The fact is, out of some 2,600 locations in our country where protests took place, fewer than 220 reported any violence at all, where “violence” covers everything from defacing a monument to serious mayhem.

Yes, regrettably there was violence: statues of Confederate leaders and others were pulled from their pedestals, stores were looted or burned, and worst of all, some 25 people were killed either in direct connection with the protests or in events that may have been connected to them. Some were killed by police, others by store owners, and an apparent majority by white vigilantes, according to The Guardian, Oct. 31.

Is it true that Democrats failed to condemn this violence? No. Joe Biden was among the first to denounce it, along with Nancy Pelosi, James Clyburn, and a whole host of prominent Black leaders nationwide. This claim and the exaggeration of “violent protests” are simply false, as can be easily verified. So why are they widely repeated and believed by Republican politicians and their supporters?

I believe it is because they echo a theme that goes back to the days of slavery in the Old South: that Black people are so dangerous and unruly that they must be kept in their place by force. This belief has been central to neighborhood and school segregation.

Trump’s own real estate organization was sued by the Justice Department in 1973 for refusing to rent apartments to African Americans. His 2020 campaign warning to “suburban housewives” of the peril of a Biden victory, sounded that theme as well as another, more vicious trope: that white women are in grave danger from Black men.

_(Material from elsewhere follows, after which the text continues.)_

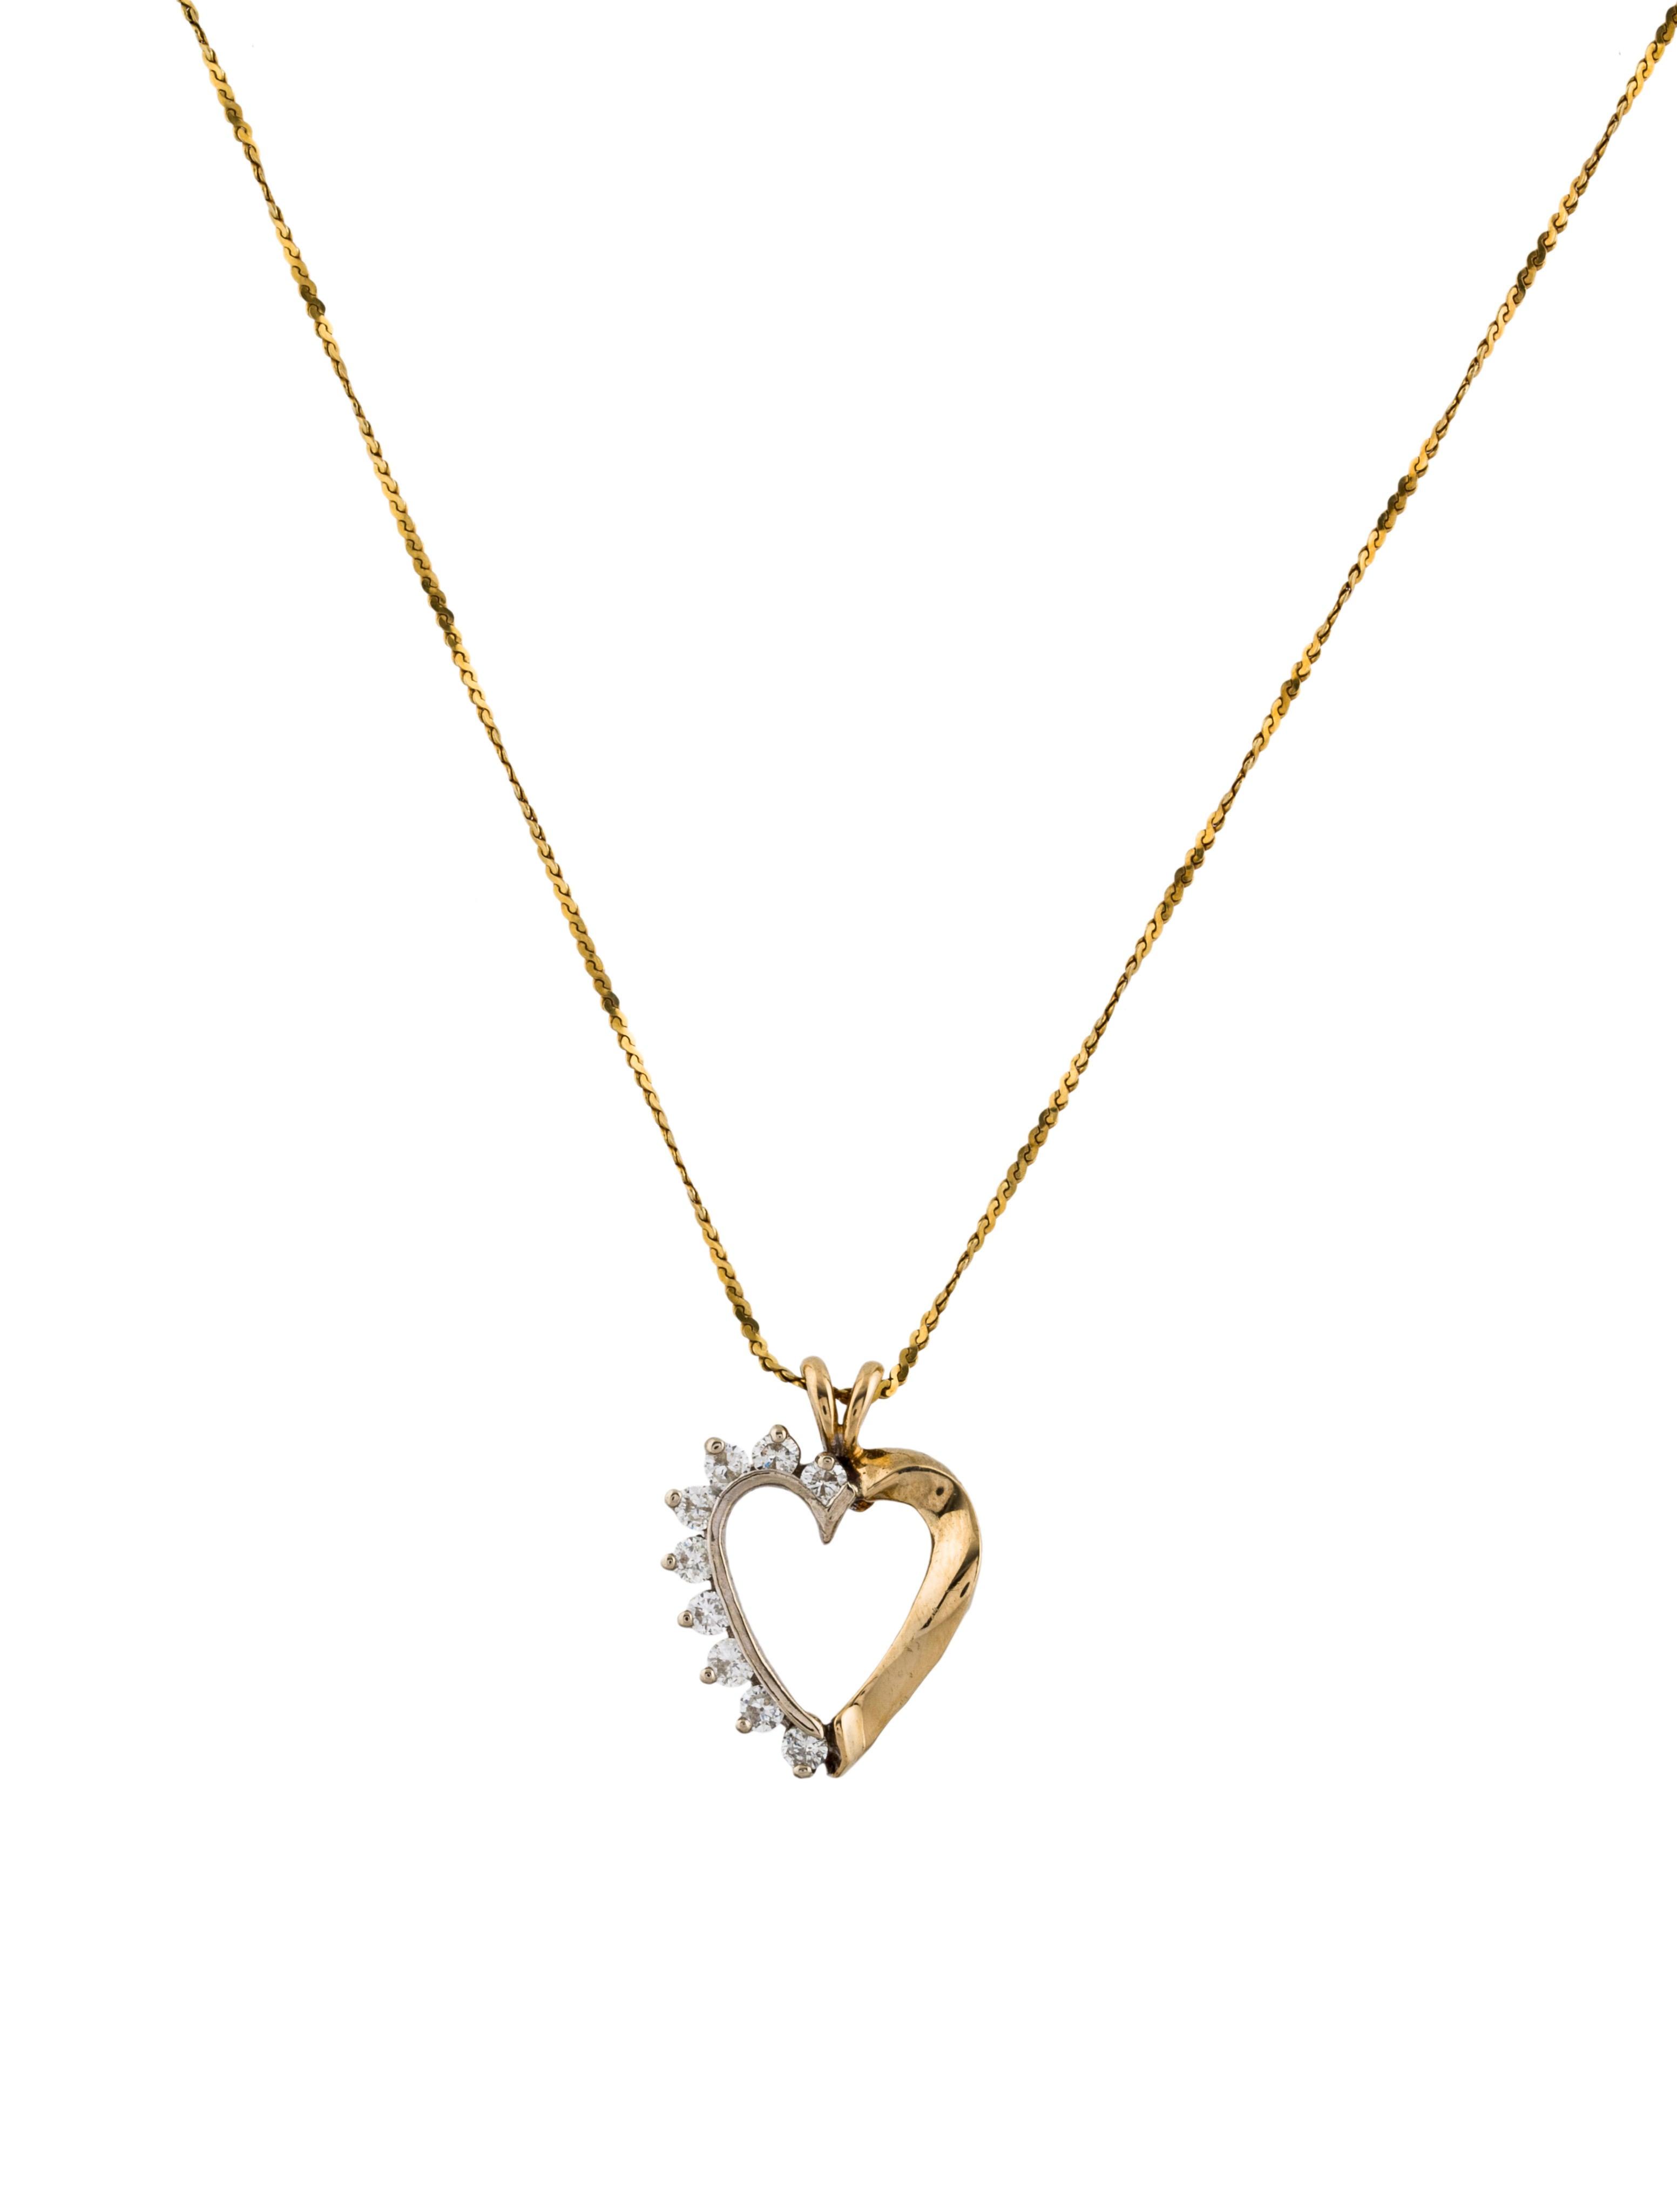 Diamond heart pendant necklace necklaces neckl43570 the realreal diamond heart pendant necklace aloadofball Choice Image

In fact, Donald Trump’s whole career is a veritable lexicon of such themes: his demand to execute the (subsequently exonerated) “Central Park Five,” the “birther” allegation against Obama, the labeling of Mexican asylum seekers as rapists and murderers, the Muslim ban, calling African nations “s------- countries,” speaking of the Charlottesville White supremacists as “very fine people,” etc. All of these are racist themes meant to evoke deep-seated fears and antipathies in whites.

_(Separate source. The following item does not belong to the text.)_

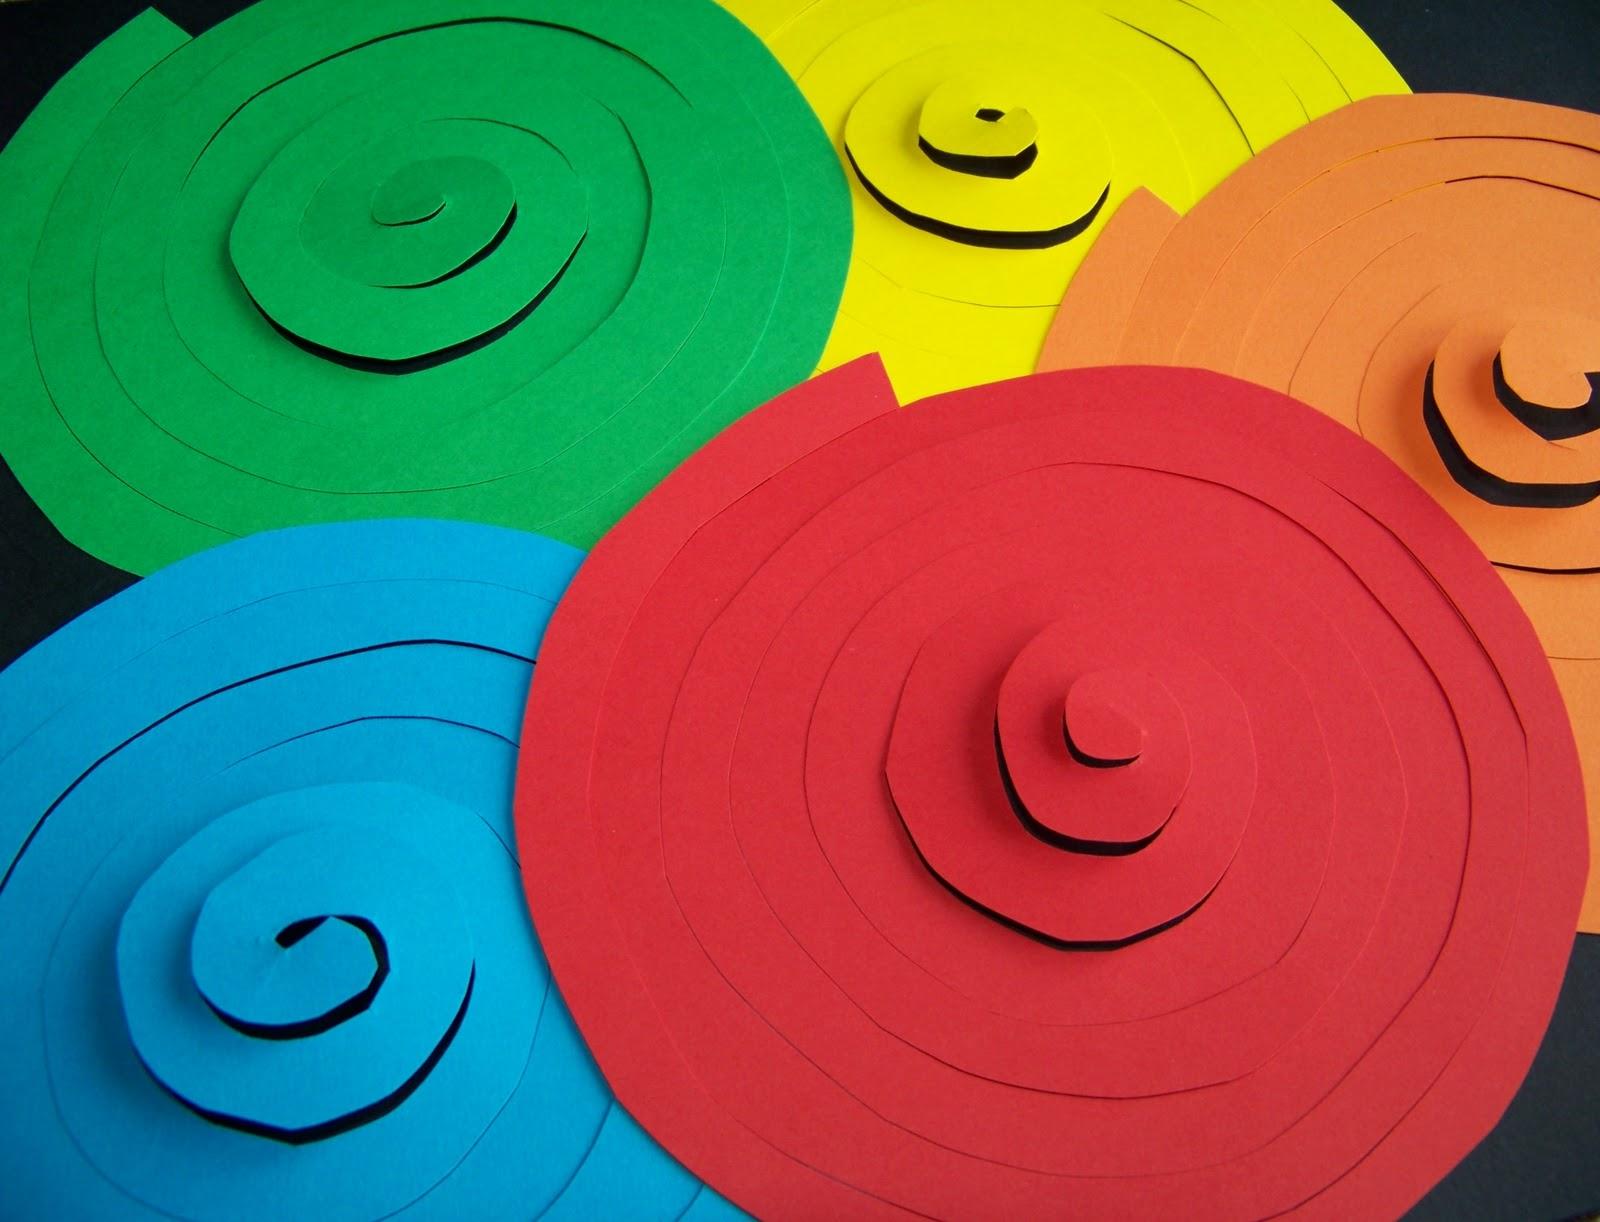 Mamma giochiamo addobbi di carnevale spirali e for Addobbi per l aula di carnevale

Donald Trump and his support structures (i.e., the Republican Party, the rightist media, the white evangelical churches, etc.) are echo-chambers for these themes. This system constitutes an important and increasingly malign part of the complex web of institutions that make up our country.

The Jan. 6 assault on the Constitution was a wake-up call to America. A first step in a return to health for the body politic would be a Senate conviction of Trump and his permanent ban from public office. Then we must emphatically reject “false equivalence” and start to recognize the real threats to our becoming a “more perfect union.”

As Amanda Gorman said in her superb Inauguration poem, “The new dawn blooms as we free it. For there is always light. If only we’re brave enough to see it. If only we’re brave enough to be in it.”

John M. Connolly is a Sophia Smith Professor of Philosophy Emeritus at Smith College.